Withdraws are scheduled executed automatically when they reach their end. However during that schedule users are treated as active, as if they haven't scheduled a withdraw. They would be able to impact the system (upload losses) and get rewards.
In a sense the system doesn't differentiate between a reputer who has scheduled 100% of his stake to be withdrawn and one that hasn't.
Thank you for these clarifications, but in that case, I would say it's the design of the protocol with a suboptimal tradeoff. Hence, since it doesn't cause a loss of funds, I believe it should be low severity:
Design decisions are not valid issues. Even if the design is suboptimal, but doesn't imply any loss of funds, these issues are considered informational
Planning to accept the escalation and invalidate the report
Result: Invalid Unique
0x3b
Medium
Actors can game the withdraw waiting time
Summary
Actors can keep a withdrawal request scheduled all the time, which enables them to cut the withdrawal waiting time in half (or more).
Vulnerability Detail
As the README explains, participants who have scheduled a withdrawal still fully participate in the system.
This is actually implemented in the code, as RemoveStake (inside
msg_server_stake
) only records the removal and RemoveStakes (insidestake_removals
) does the system changes.This enables users to always have a withdrawal scheduled and cancel it just before it gets executed if they want to stay, and let it execute if they want to leave.

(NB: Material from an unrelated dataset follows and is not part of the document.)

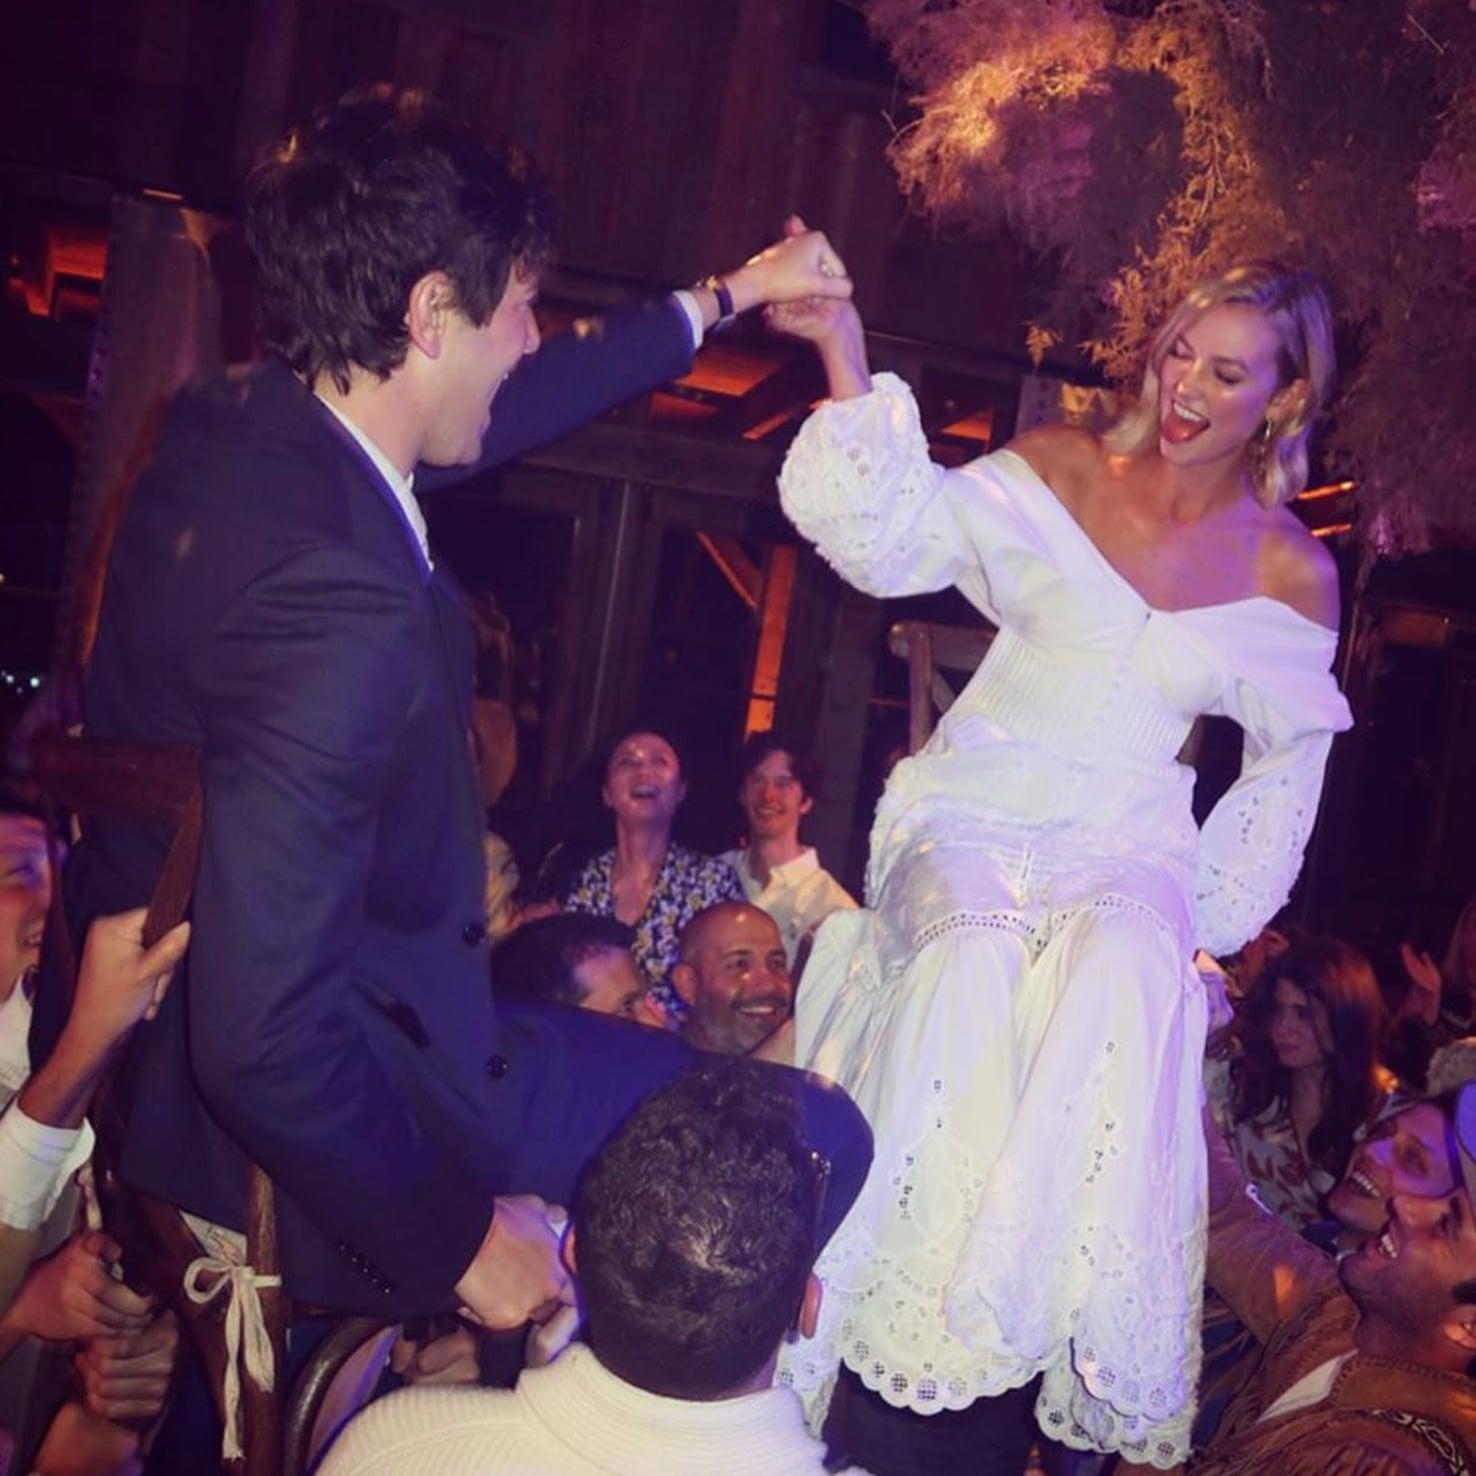 Karlie Kloss's Second Wedding Dress | POPSUGAR Fashion UK

This will cut the waiting period significantly. Here are two examples:
At time T, both users decide to leave because of some event, either inside or outside the system. User1 will already have his withdrawal request at N% completed (where N is between 0% and 100%, average 50%), and User2 will have his withdrawal request at 0% (he just made one).
Impact
Users can game the withdrawal system by having a withdrawal constantly scheduled.
Code Snippet
Tool Used
Manual Review
Recommendation
This is an issue in many protocols with withdrawal queues. A general solution is to keep their commitment (the stake can be impacted), but remove their rights (they can't act on the system).